In its third major acquisition of the week, Initial Entertainment Group (IEG) has boarded The Dangerous Lives Of Altar Boys, a project developed by Jodie Foster's Egg Pictures, which Foster will co-produce and take a supporting role in - as a one-legged nun.

IEG will fully finance the $15m-$20m film which was originally set up with PolyGram Filmed Entertainment (PFE) - and then Universal - under Egg's deal with PFE.

Foster will produce alongside her Egg partner Meg LeFauve and Jay Shapiro of Cinema-Go-Go, which co-developed the picture. Director is Peter Care, an award-winning commercials director. The screenplay is written by Jeff Stockwell and Michael Petroni from the novel by Chris Furhman.

ICM agent Ken Kamins who was instrumental in bringing IEG Robert Altman's Dr T And The Women and Martin Scorsese's Gangs Of New York, will represent US distribution rights on behalf of IEG.
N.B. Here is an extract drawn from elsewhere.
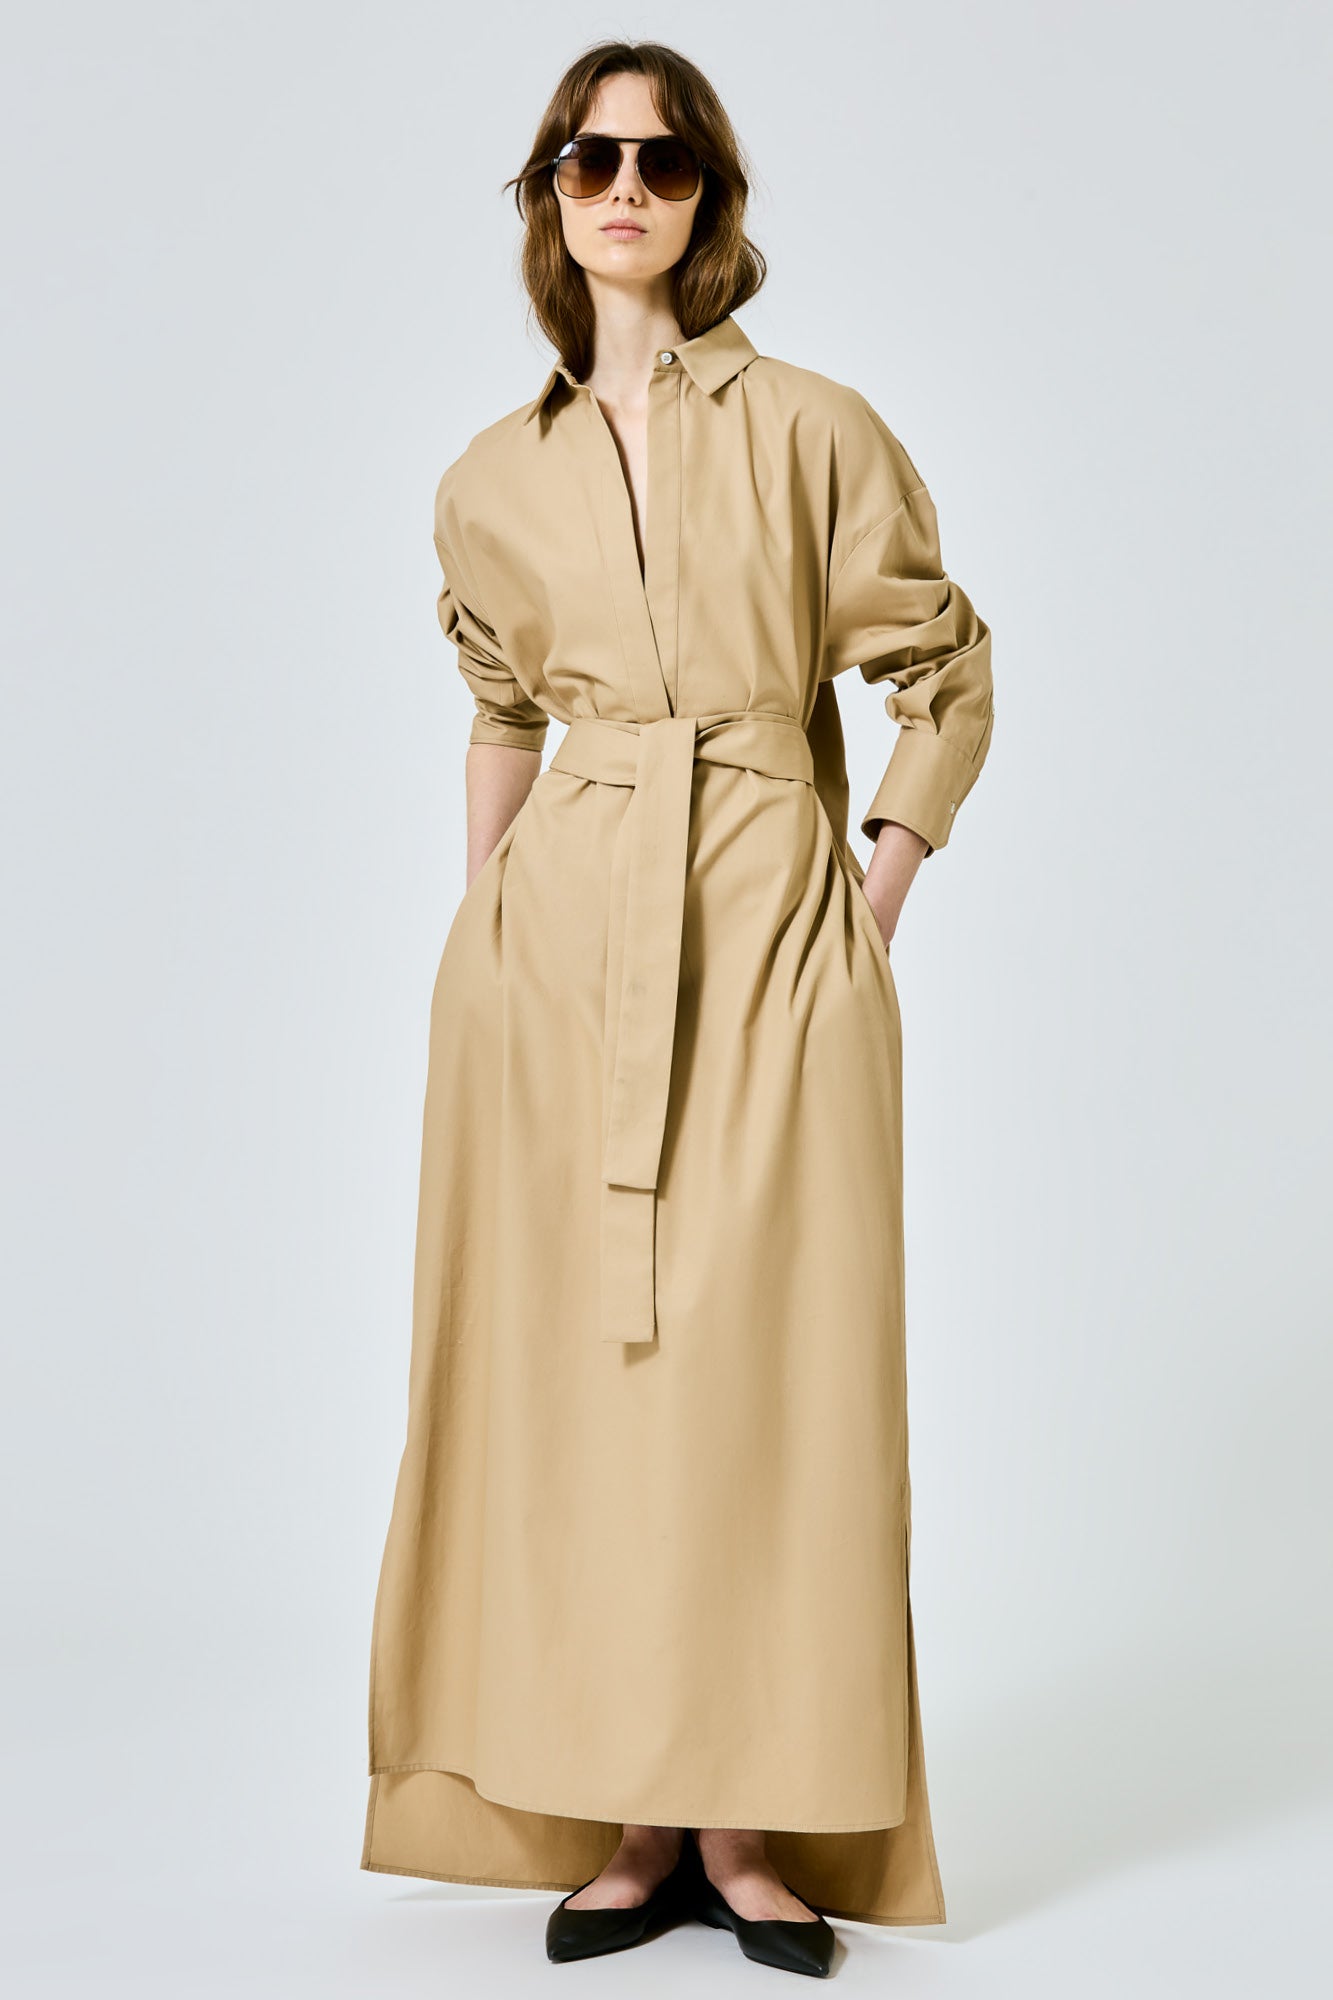 Francesca long dress in cotton silk

The Dangerous Lives Of Altar Boys follows Traffic starring Harrison Ford and Smoke And Mirrors set to star Catherine Zeta Jones as the third major talent driven project which IEG has agreed to finance in the last week. IEG works in tandem with publicly traded German rights broker Splendid Film - which bought a 49% stake in IEG last summer. King is selling foreign rights at AFM.

The movie, which includes several animated sequences to be created by Todd McFarlane (Spawn), tells the story of a gang of Catholic school boys caught drawing obscene comic books who plan a heist to outdo their previous stunfs. It is executive produced by John Watson, Pen Densham and Guy McElwaine of Trilogy Entertainment Group alongside Graham King. It is scheduled to start shooting on May 1, 2000.

Foster will complete The Dangerous Lives Of Altar Boys before embarking on her third film as a director - Flora Plum starring Russell Crowe and Claire Danes - for USA Films and Good Machine International.